If a cpu has more than this number of interrupts affined to it, they
will spill over to other cpus, which potentially may be outside of their
affinity mask. Given that this might cause unexpected behavior on
performance sensitive systems, warn the user should this condition occur
so that corrective action can be taken

Signed-off-by: Neil Horman <[email protected]>
Reported-by: [email protected]
CC: Thomas Gleixner <[email protected]>
CC: Ingo Molnar <[email protected]>
CC: Borislav Petkov <[email protected]>
CC: "H. Peter Anvin" <[email protected]>
CC: [email protected]
---
arch/x86/kernel/irq.c | 8 ++++++++
1 file changed, 8 insertions(+)

diff --git a/arch/x86/kernel/irq.c b/arch/x86/kernel/irq.c
index 9b68b5b00ac9..ac7ed32de3d5 100644
--- a/arch/x86/kernel/irq.c
+++ b/arch/x86/kernel/irq.c
@@ -244,6 +244,14 @@ __visible unsigned int __irq_entry do_IRQ(struct pt_regs *regs)

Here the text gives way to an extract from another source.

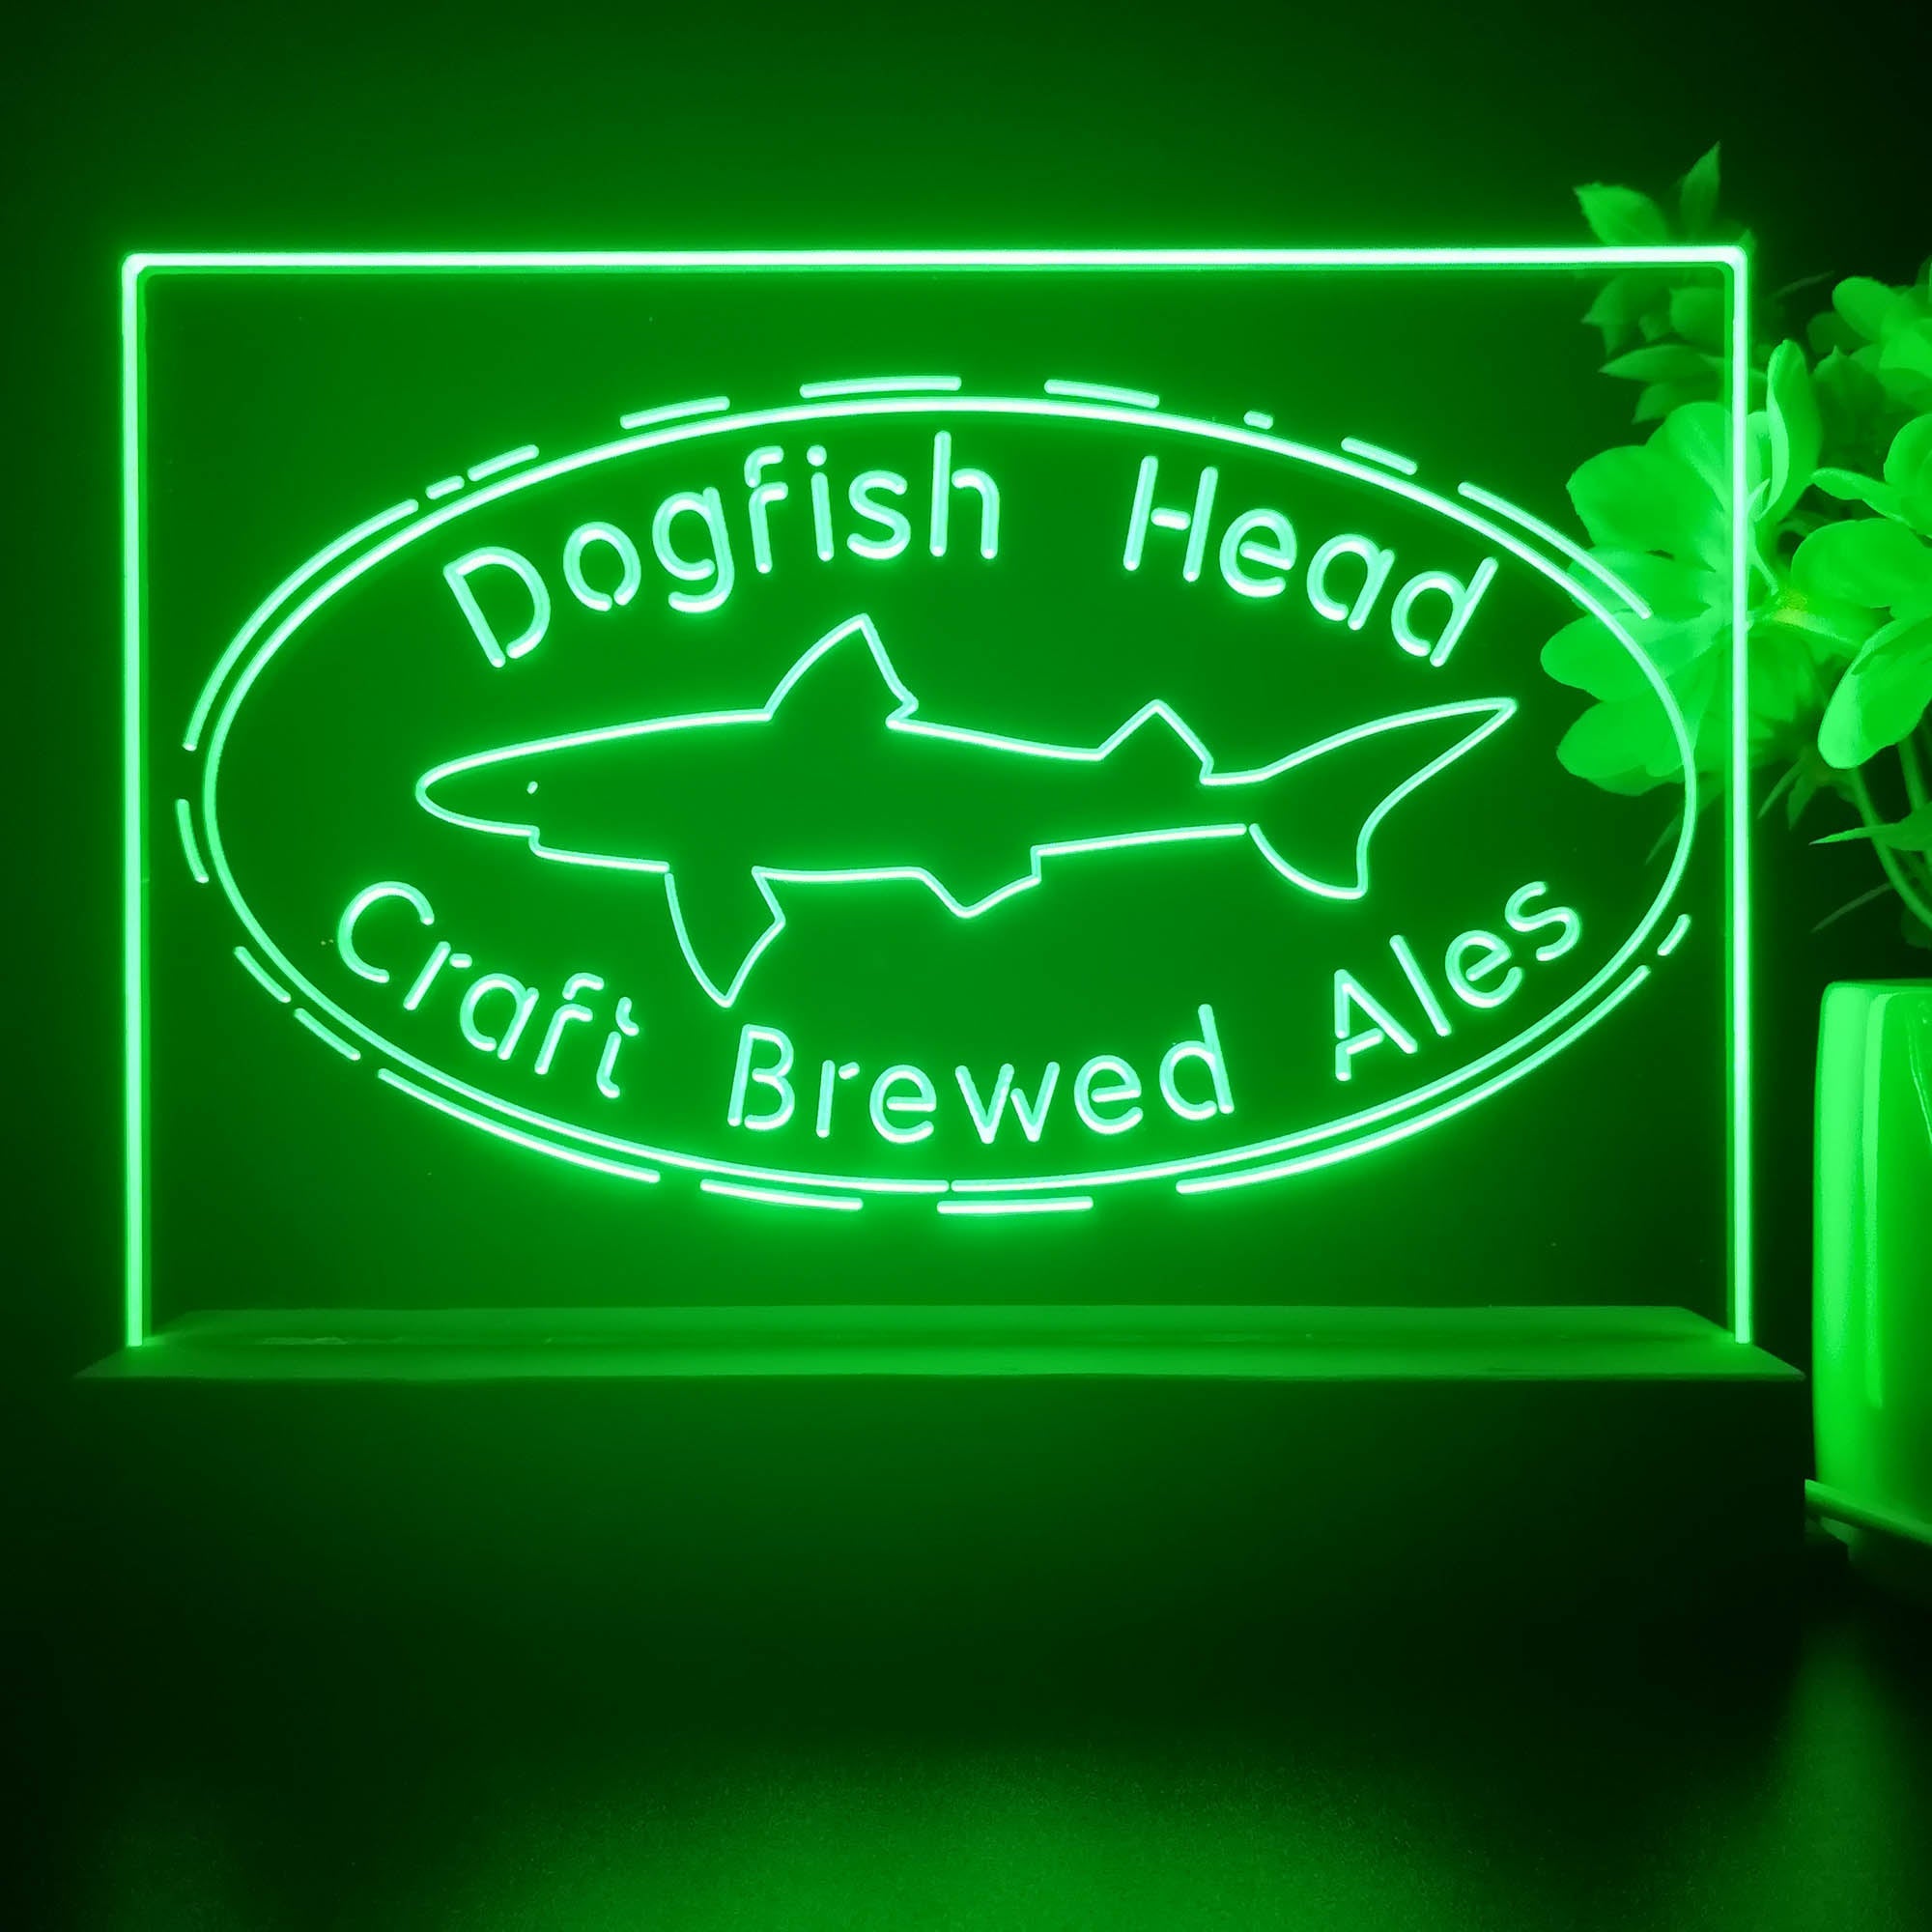 Dogfishs Heads Craft Brewery Neon Sign Pub Bar Decor Lamp

desc = __this_cpu_read(vector_irq[vector]);

+ /*
+ * Intel processors are limited in the number of irqs they can address. If we affine
+ * too many irqs to a given cpu, they can silently spill to another cpu outside of
+ * their affinity mask. Warn the user when this occurs
+ */
+ if (unlikely(!cpumask_test_cpu(smp_processor_id(), &desc->irq_common_data.affinity)))
+ pr_emerg_ratelimited("%s: %d.%d handled outside of affinity mask\n");
+
if (!handle_irq(desc, regs)) {
ack_APIC_irq();

--
2.21.0


2019-07-16 15:58:20

by Thomas Gleixner

[permalink] [raw]
Subject: Re: [PATCH] x86: Add irq spillover warning

Neil,

On Tue, 16 Jul 2019, Neil Horman wrote:

> On Intel hardware, cpus are limited in the number of irqs they can
> have affined to them (currently 240), based on section 10.5.2 of:
> https://www.intel.com/content/dam/www/public/us/en/documents/manuals/64-ia-32-architectures-software-developer-vol-3a-part-1-manual.pdf

That reference is really not useful to explain the problem and the number
of vectors is neither. Please explain the conceptual issue.

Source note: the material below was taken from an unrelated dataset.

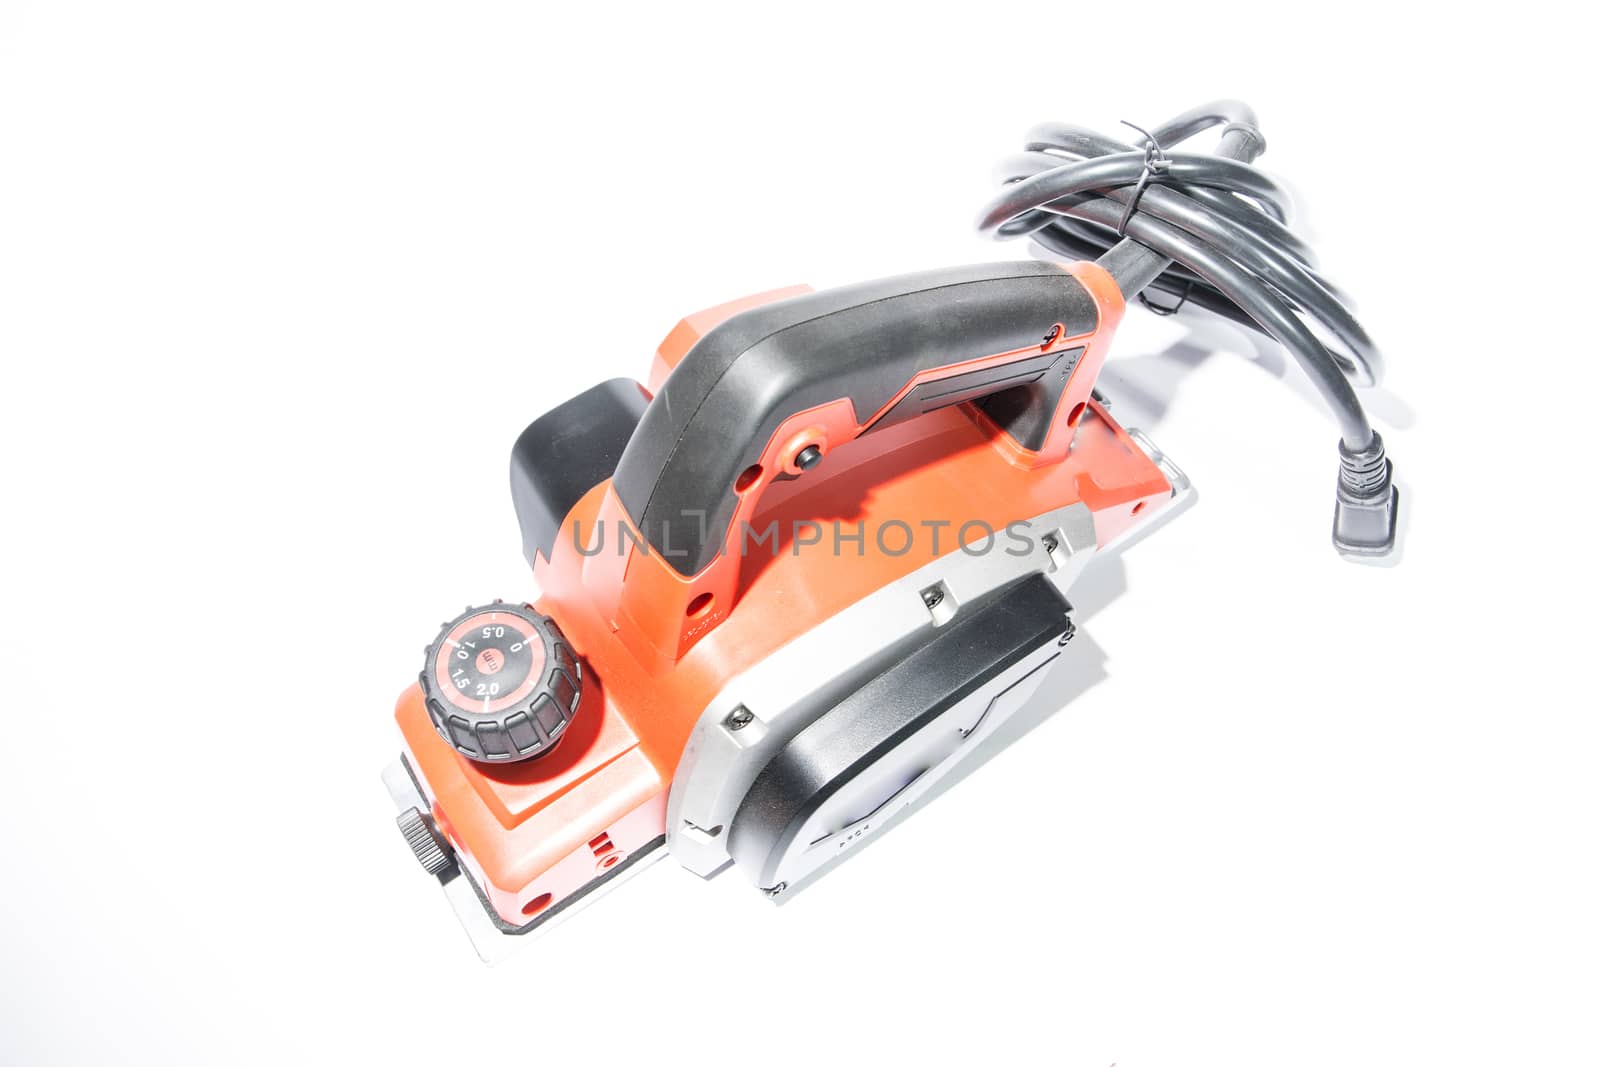 Construction equipment, electric wood planer on white background

> If a cpu has more than this number of interrupts affined to it, they
> will spill over to other cpus, which potentially may be outside of their
> affinity mask.

Spill over?

The kernel decides to pick a vector on a CPU outside of the affinity when
it runs out of vectors on the CPUs in the affinity mask.

Please explain issues technically correct.

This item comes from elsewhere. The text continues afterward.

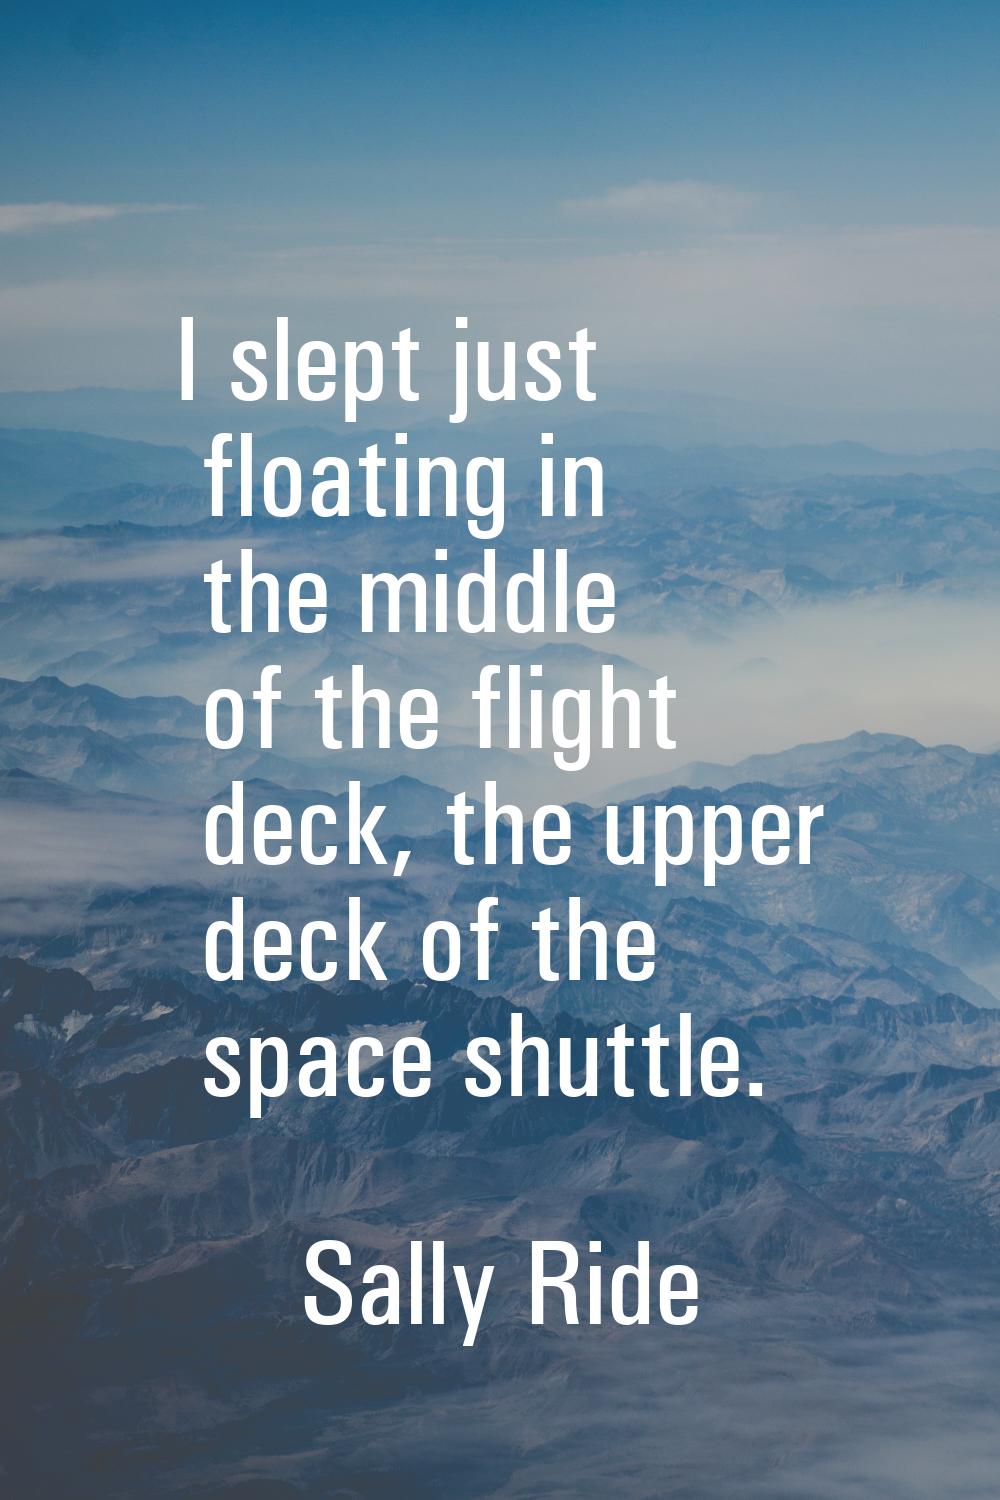 I slept just floating in the middle of the flight deck, the upper deck of the space shuttle.

> Given that this might cause unexpected behavior on
> performance sensitive systems, warn the user should this condition occur
> so that corrective action can be taken

> @@ -244,6 +244,14 @@ __visible unsigned int __irq_entry do_IRQ(struct pt_regs *regs)

Why on earth warn in the interrupt delivery hotpath? Just because it's the
place which really needs extra instructions and extra cache lines on
performance sensitive systems, right?

The fact that the kernel ran out of vectors for the CPUs in the affinity
mask is already known when the vector is allocated in activate_reserved().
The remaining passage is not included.